#### YOUR GOAL
From start to end, write out the following data exactly, apart from its images.

#### STORED DATA
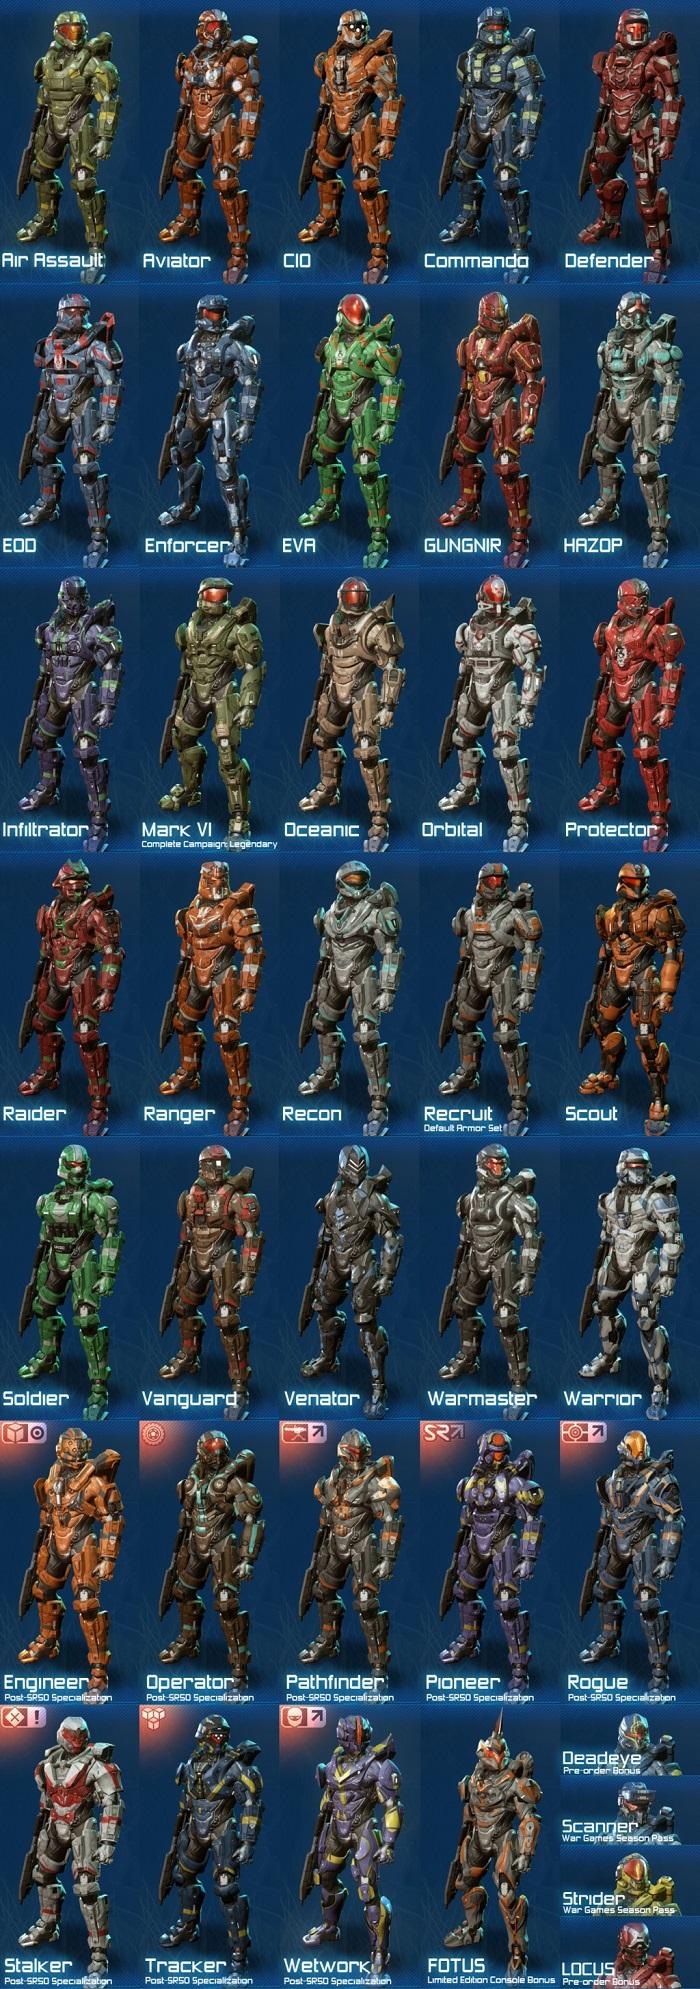 Halo 4 Mega Guide: Tips, Secrets, Armor Unlocks, and more
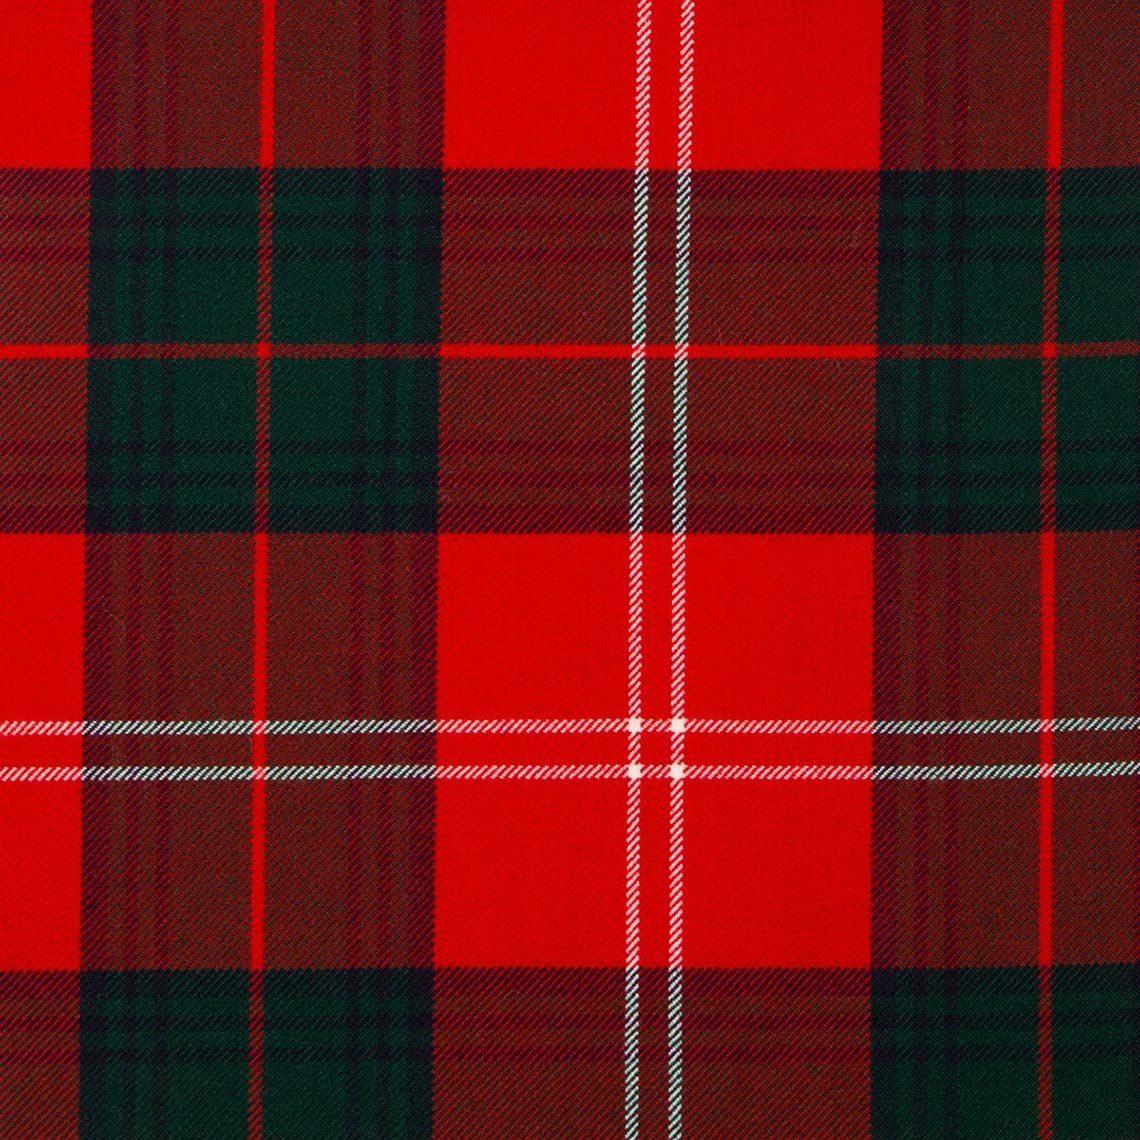 Chisholm Red (Modern) Kilt
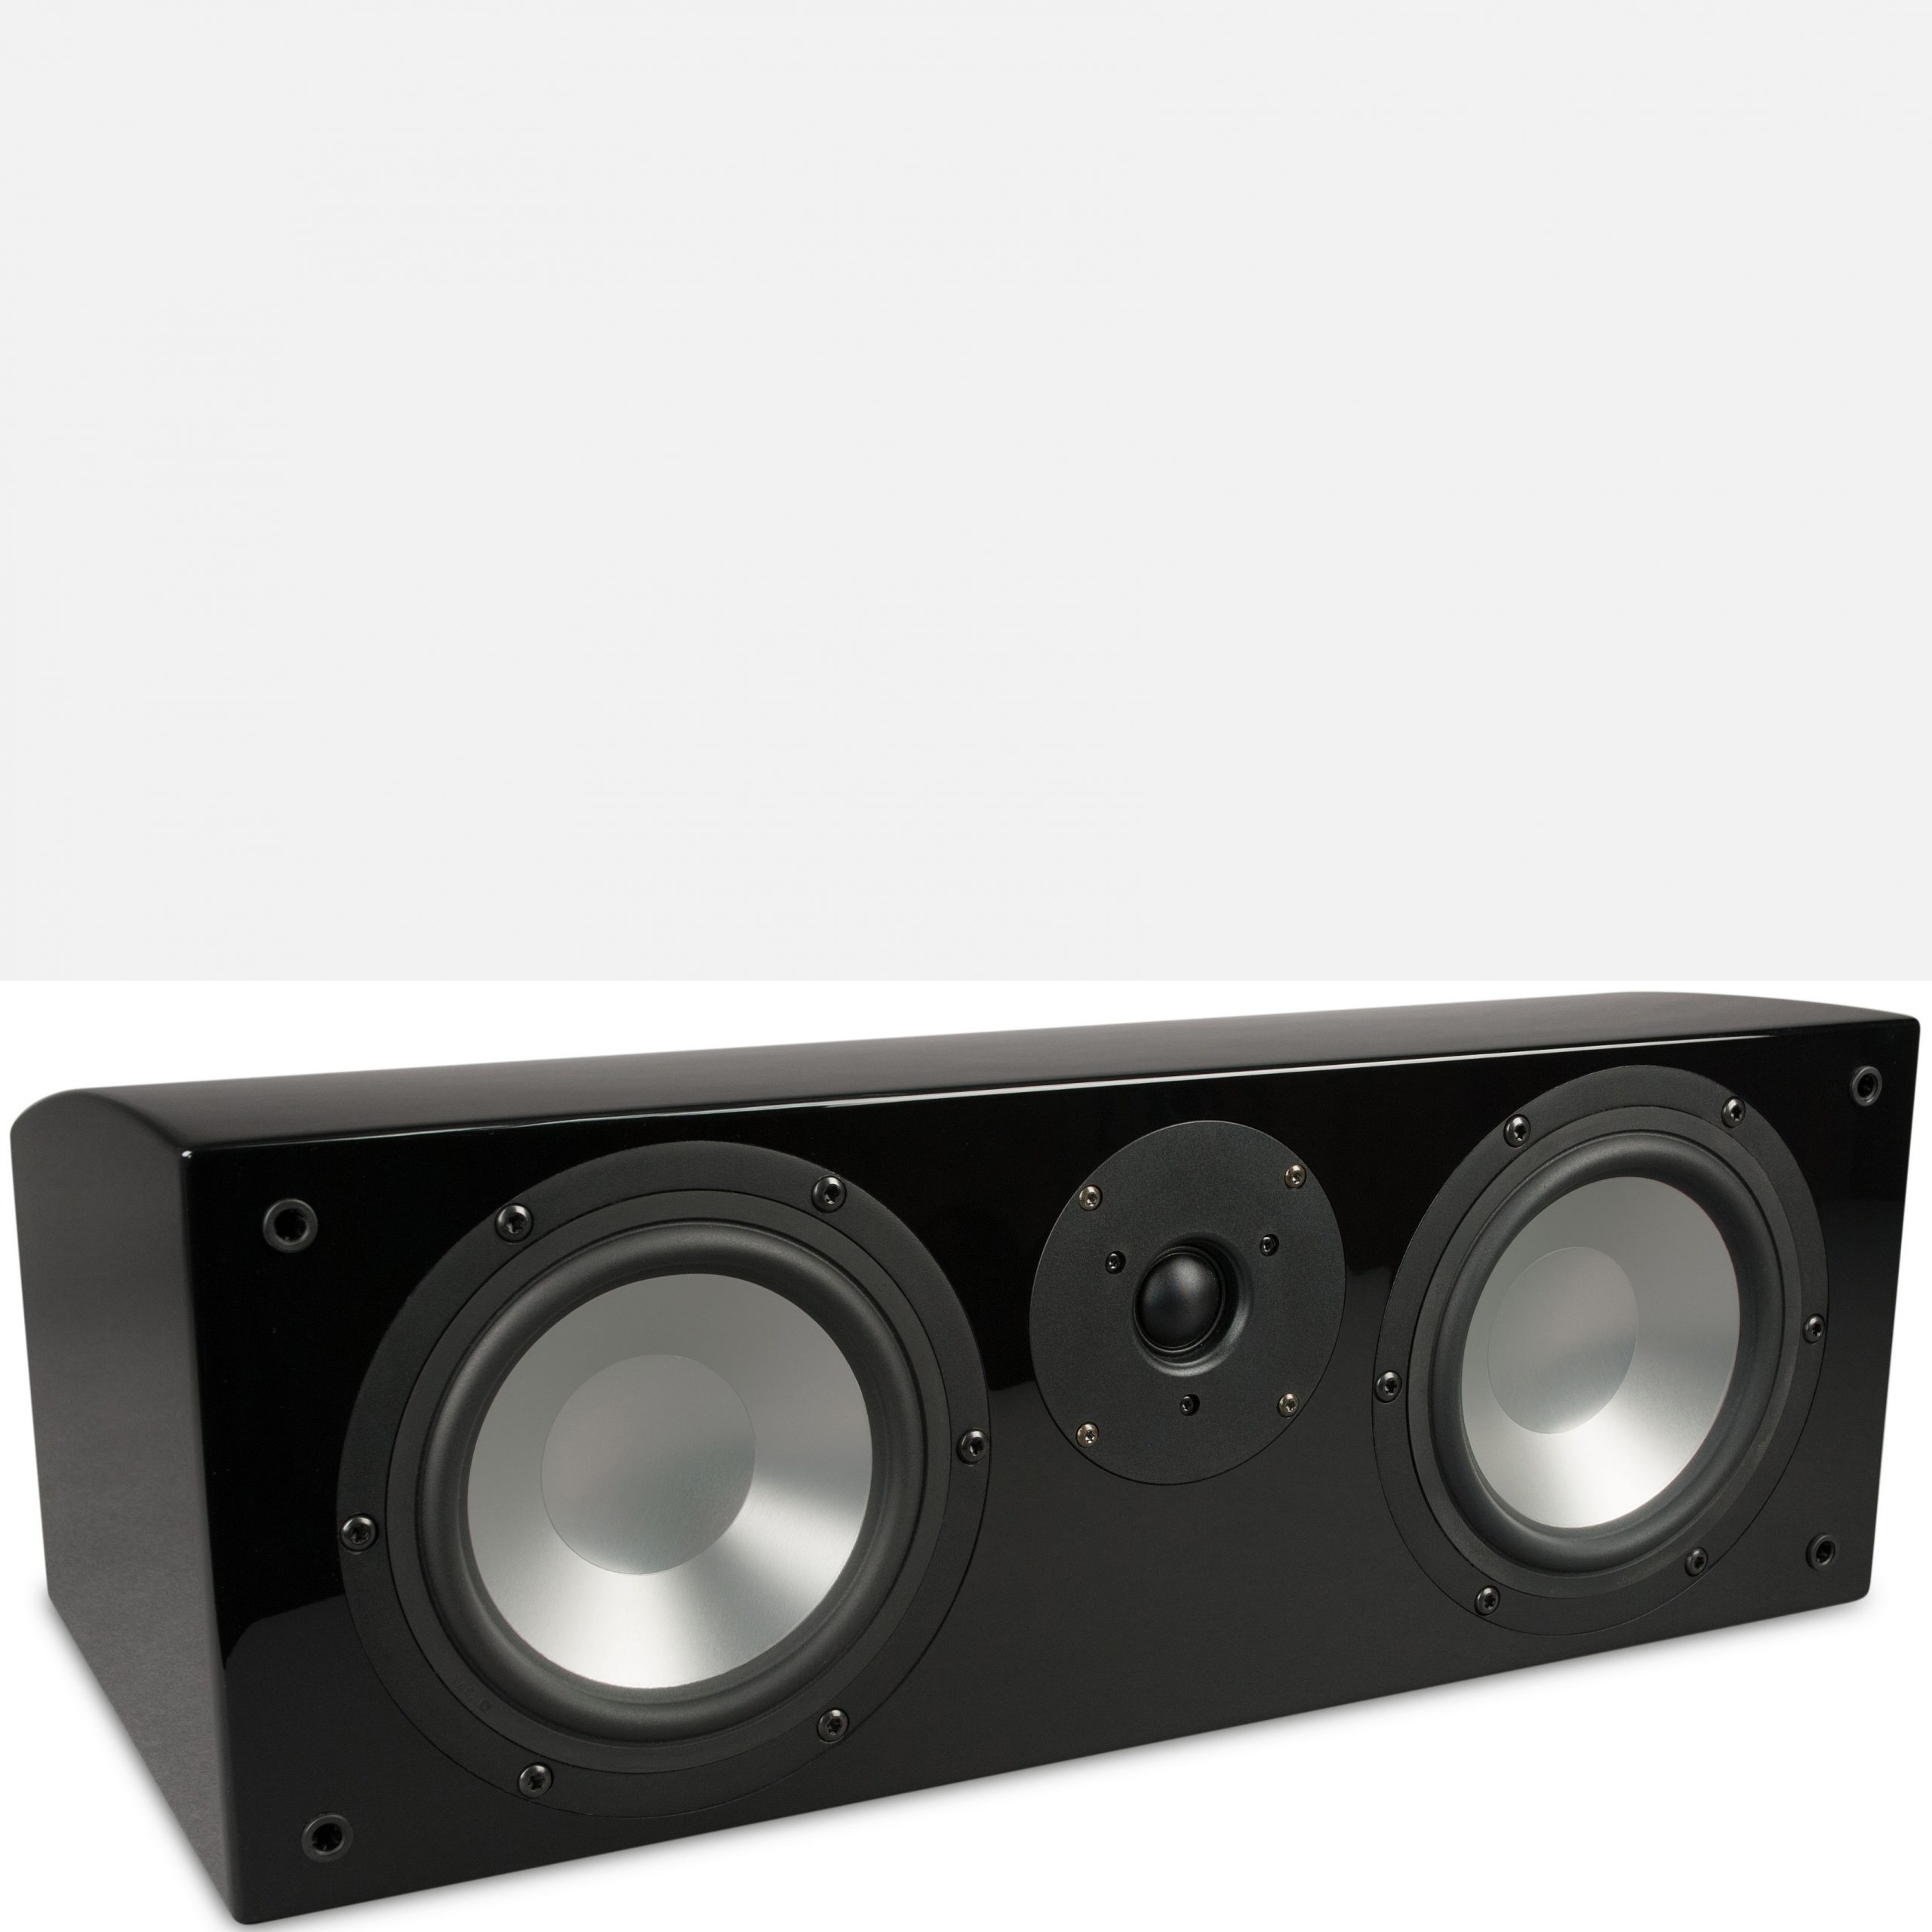 RBH Signature SV Series SV-661C Centre Channel Speaker

#### EXERCISE OUTPUT
 Halo 4 Mega Guide: Tips, Secrets, Armor Unlocks, and more
 Chisholm Red (Modern) Kilt
 RBH Signature SV Series SV-661C Centre Channel Speaker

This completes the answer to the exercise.